PURPOSE:To prevent a lamp current from leaking through a radial noise preventing mesh by forming a transparent electric insulation layer on the surface of a radiated noise preventing mesh at last on a surface facing a lamp. CONSTITUTION:Electric insulation films 20 are laminated on the under-side surface of a radiated noize preventing mesh 15, that is a surface facing a lamp 6, so that mesh 15 and the lamp 6 are electrically insulated and isolated from each other. Leak of a lamp current to the radiated noise preventing mesh 15 can thus be prevented, and the lamp current is given to the lamp effectively, thereby the light emission efficiency is improved, and the illuminance is improved.

Description

[Detailed Description of the Invention] [Purpose of the Invention (Field of Industrial Application) The present invention uses a low-pressure discharge lamp such as a fluorescent lamp as a light source,
The present invention relates to a lighting device suitable for backlights of liquid crystal televisions and liquid crystal meters.

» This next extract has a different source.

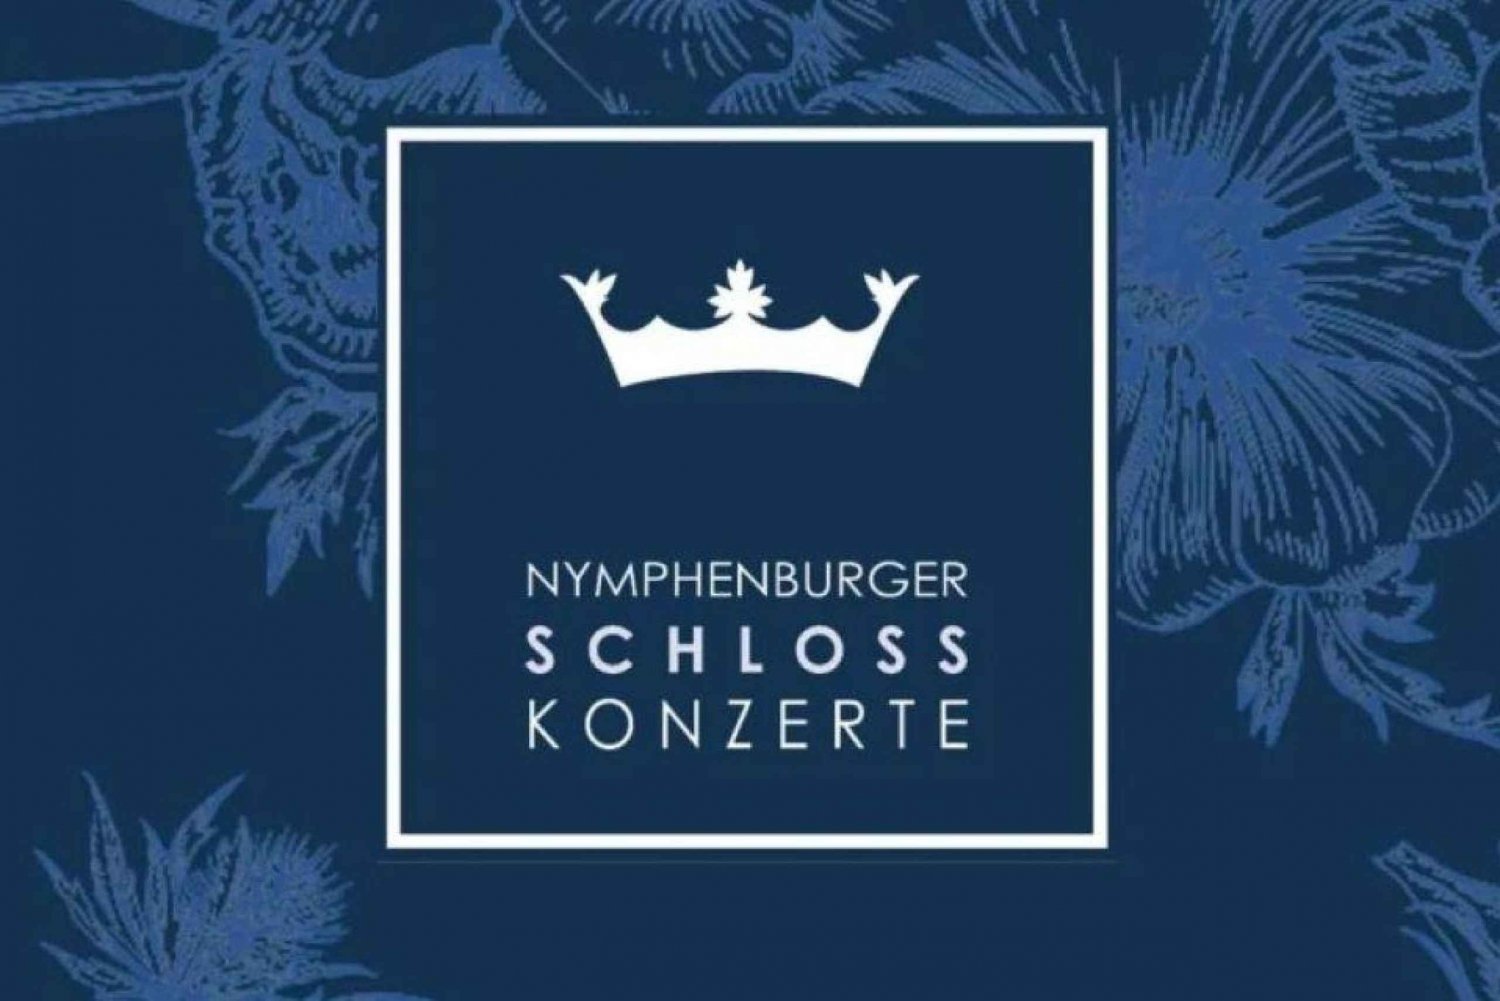 München: Konsert i Hubertussalen på Nymphenburgslottet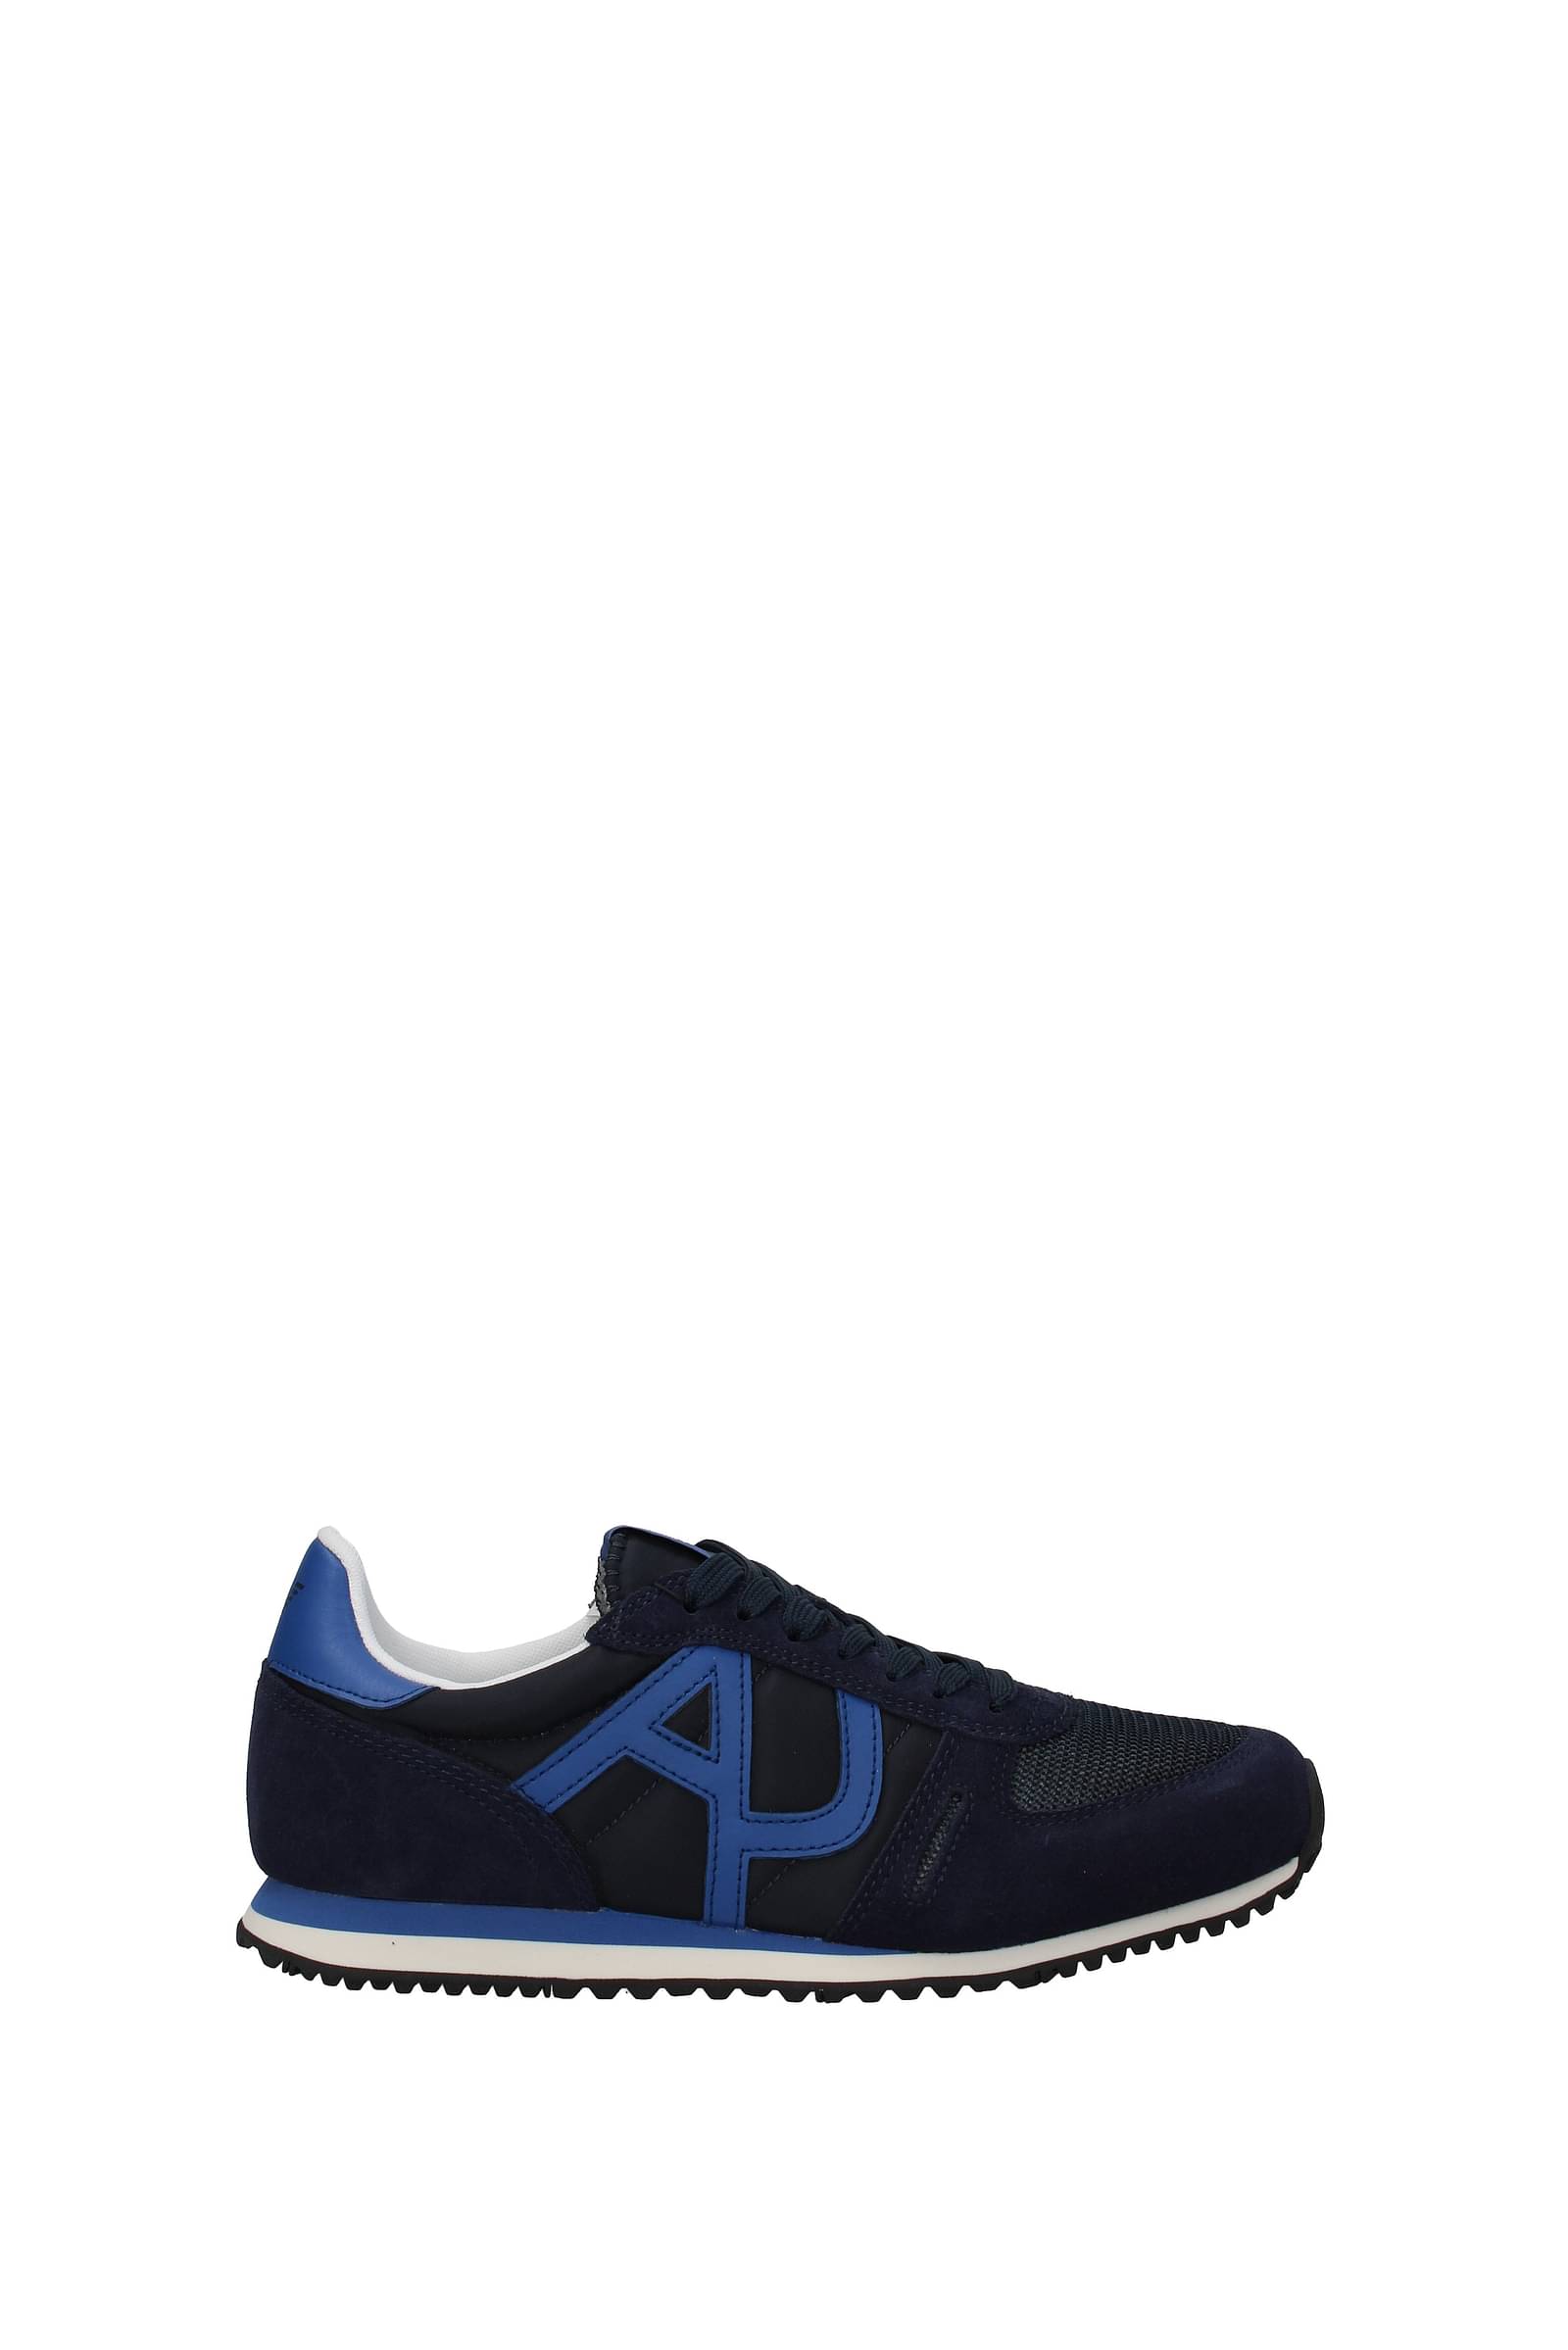 Armani Jeans Men's Denim Sneaker Fashion Sneaker CM524-44-15 Sz 6.5 | eBay

(Conventional technology) LCD televisions, LCD meters, etc. are designed to illuminate the LCD surface by shining light from the back of the transmissive LCD panel.
Such a backlight requires an illumination device that can illuminate a liquid crystal surface having a predetermined spread with uniform brightness as a whole.

This type of backlight has traditionally housed a hot cathode or cold cathode fluorescent lamp in a shallow dish-shaped casing.
A lighting device is used in which the light emitted from the lamp is reflected by a reflective surface formed in the casing and illuminated on the back side of the liquid crystal panel through a light diffusing and transmitting plate installed in the opening of the casing.

When a hot cathode or cold cathode fluorescent lamp is used as a light source, compared to an incandescent lamp, these fluorescent lamps have superior luminous efficiency, generate less heat, have a longer lifespan, and have a longer discharge path, so their light emitting area is smaller. It has the advantage that it is large and the light distribution can be easily made uniform. In particular, in the case of a fluorescent lamp, it is easy to configure the discharge path into a bent shape, such as a U-shape or a W-shape, and a fluorescent lamp with such a bent shape has a planarly wider light-emitting surface. Therefore, it is advantageous to illuminate a display surface having a predetermined spread with uniform brightness.

By the way, when a fluorescent lamp is lit using a high frequency power source, flickering is reduced and the lamp life is extended. For this reason, lighting is performed by connecting to a high frequency lighting circuit device such as an inverter circuit.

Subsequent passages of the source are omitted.